Source records:

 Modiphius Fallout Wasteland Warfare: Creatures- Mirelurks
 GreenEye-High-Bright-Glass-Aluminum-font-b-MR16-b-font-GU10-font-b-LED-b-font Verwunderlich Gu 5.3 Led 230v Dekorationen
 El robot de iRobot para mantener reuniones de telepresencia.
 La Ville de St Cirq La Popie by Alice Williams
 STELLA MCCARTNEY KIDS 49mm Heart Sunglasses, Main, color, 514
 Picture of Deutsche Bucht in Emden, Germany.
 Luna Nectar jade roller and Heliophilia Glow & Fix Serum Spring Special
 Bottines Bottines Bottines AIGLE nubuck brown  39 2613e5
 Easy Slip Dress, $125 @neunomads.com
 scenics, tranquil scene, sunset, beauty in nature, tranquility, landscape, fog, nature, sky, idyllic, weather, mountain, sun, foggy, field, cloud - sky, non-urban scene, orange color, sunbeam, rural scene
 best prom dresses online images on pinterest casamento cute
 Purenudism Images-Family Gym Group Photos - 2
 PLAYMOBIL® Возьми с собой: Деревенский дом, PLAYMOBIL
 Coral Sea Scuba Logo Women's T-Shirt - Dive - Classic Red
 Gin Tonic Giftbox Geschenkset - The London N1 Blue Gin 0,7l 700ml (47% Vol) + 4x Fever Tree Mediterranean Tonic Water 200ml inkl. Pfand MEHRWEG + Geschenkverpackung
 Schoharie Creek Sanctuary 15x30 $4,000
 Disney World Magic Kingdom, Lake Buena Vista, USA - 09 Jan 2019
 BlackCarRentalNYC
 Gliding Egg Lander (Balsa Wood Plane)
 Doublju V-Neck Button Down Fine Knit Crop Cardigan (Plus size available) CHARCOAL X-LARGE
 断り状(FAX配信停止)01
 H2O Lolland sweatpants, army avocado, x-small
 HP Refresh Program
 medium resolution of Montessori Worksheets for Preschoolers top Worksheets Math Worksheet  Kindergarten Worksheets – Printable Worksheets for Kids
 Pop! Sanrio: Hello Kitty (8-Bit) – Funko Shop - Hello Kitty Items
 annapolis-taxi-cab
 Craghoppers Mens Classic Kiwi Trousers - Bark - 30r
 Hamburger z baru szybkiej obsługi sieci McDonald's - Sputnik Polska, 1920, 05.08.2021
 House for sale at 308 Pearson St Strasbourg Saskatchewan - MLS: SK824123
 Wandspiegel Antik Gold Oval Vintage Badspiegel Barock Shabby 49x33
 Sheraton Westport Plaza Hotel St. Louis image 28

TASK ITEM: All lines from the one containing "Hamburger z baru" to the end of the data above are to be set down exactly; no others belong in the answer.

REPLY TO THE EXERCISE:
 Hamburger z baru szybkiej obsługi sieci McDonald's - Sputnik Polska, 1920, 05.08.2021
 House for sale at 308 Pearson St Strasbourg Saskatchewan - MLS: SK824123
 Wandspiegel Antik Gold Oval Vintage Badspiegel Barock Shabby 49x33
 Sheraton Westport Plaza Hotel St. Louis image 28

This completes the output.